In March of this year, at the eighth anniversary of the establishment of ByteDance, Zhang Yiming, the founder of ByteDance, stated that education is the company’s new business direction for cross-border attempts and one of the company’s three major focuses in the future. These remarks not only confirmed the position of education in the new business of Bytes, but also revealed the fact that online education has become a new capital outlet.
IT orange statistics show that as of August 12, there have been 15 investment and financing events in the field of education live broadcast this year, and the amount of investment and financing reached 12.18 billion yuan, an increase of nearly 8 times. Among the top 10 financing cases in the first half of this year, two of them were online education. Yuandaodao received the lead investment from Hillhouse Capital, followed by Tencent, Boyu Capital and other G rounds of financing of US$1 billion; job help obtained Fang Yuan Capital and Tiger Fund led the investment, and Sequoia China and other new and existing shareholders followed up in Series E financing of US$750 million.

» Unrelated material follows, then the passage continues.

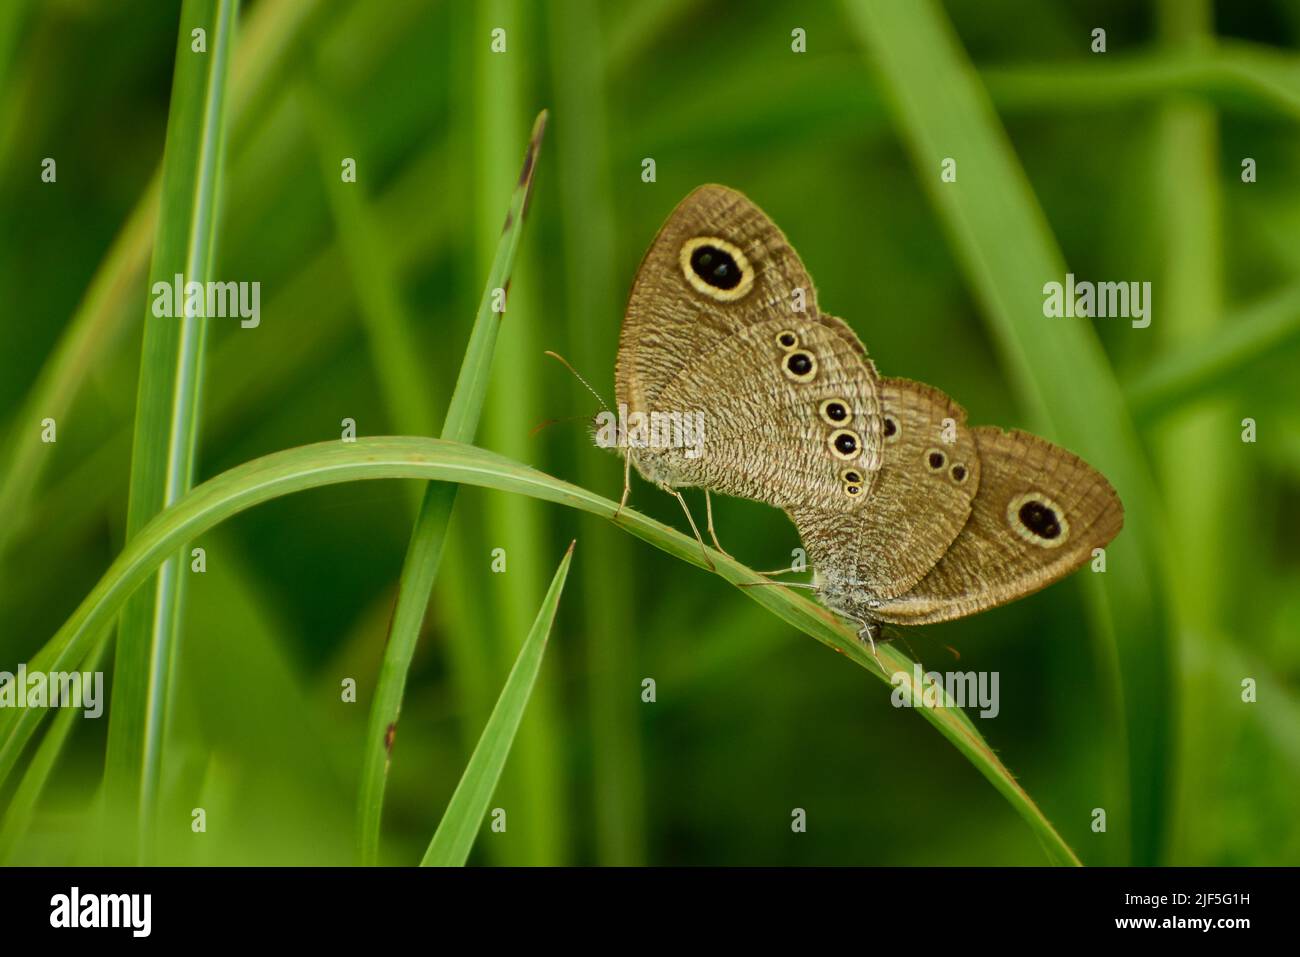 Paarige Schmetterlinge. Ypthima baldus, der gemeinsame fünf-Ring, ist eine Art von Satyrinae Schmetterling in Asien gefunden. Stockfoto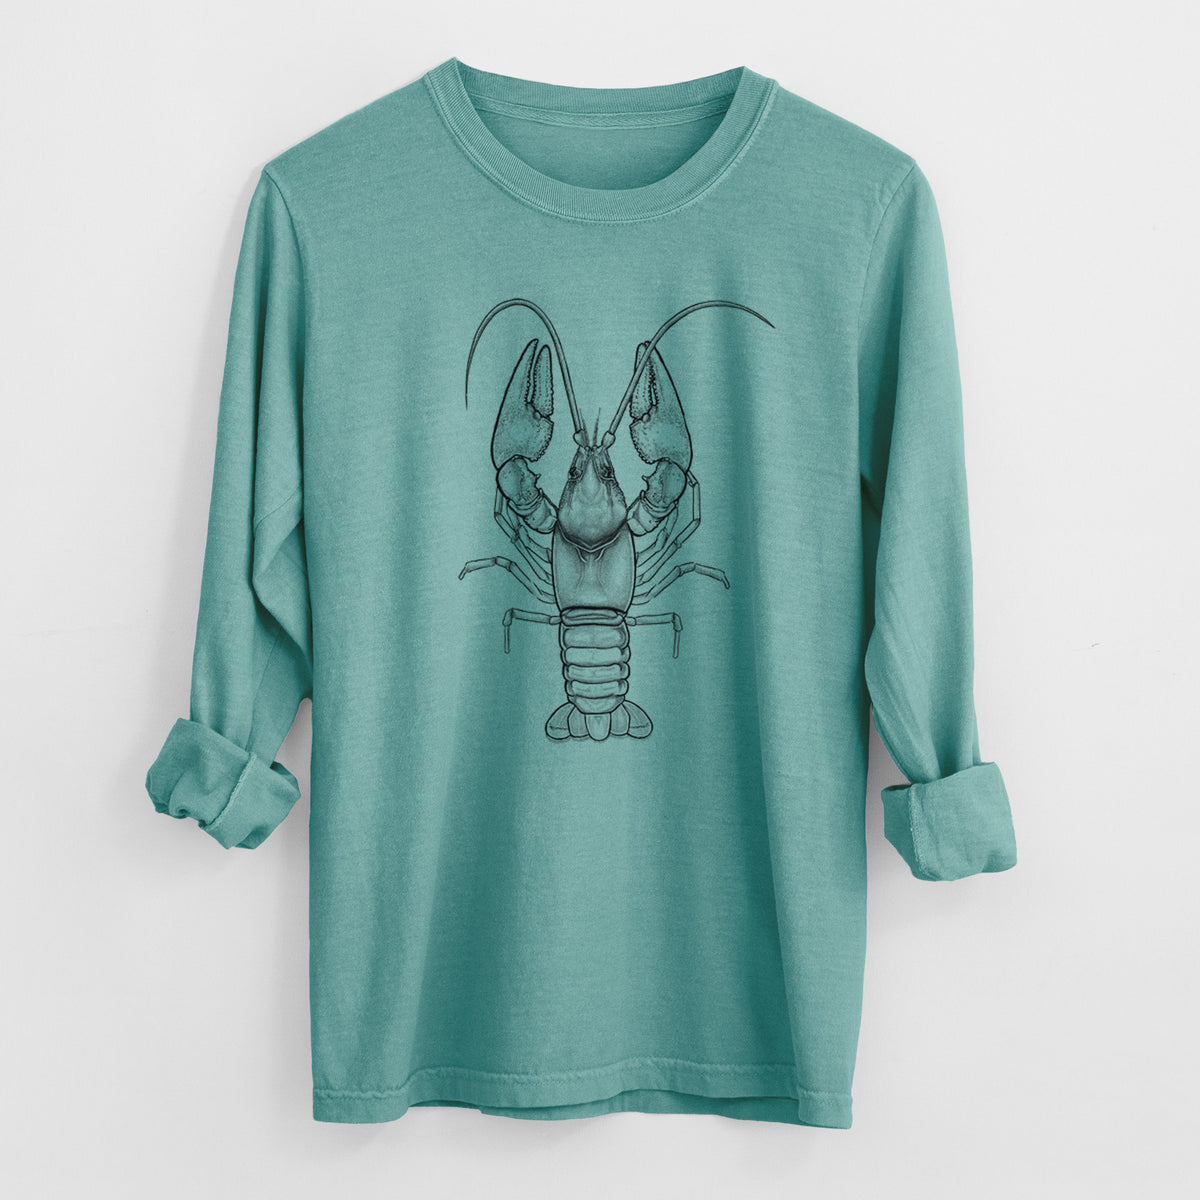 Guyandotte River Crayfish - Cambarus veteranus - Heavyweight 100% Cotton Long Sleeve

Among the many subdivisions of the education live broadcast, K12 online education has attracted special attention from capital. In the fierce long-term live teaching market, Qingbei Online School, Xueersi, Yuanjiao, etc. present a “multi-strong separation” situation; in the short-term live teaching market, Bytedance launched the Xuelang APP; in the online small class, except In addition to VIPKID, which received US$150 million in Series E investment from Tencent last year, ByteDance also recently launched the Qingbei Xiaoban APP, becoming a pathfinder for small classes.
Some education investors said that in the post-epidemic era, the layout of the education live broadcast industry is a must. When the high-speed customer dividends are exhausted, whether online education institutions can retain the huge traffic obtained during the epidemic is the key to development. Education live broadcasts The best way to acquire customers is to improve product content, service and quality.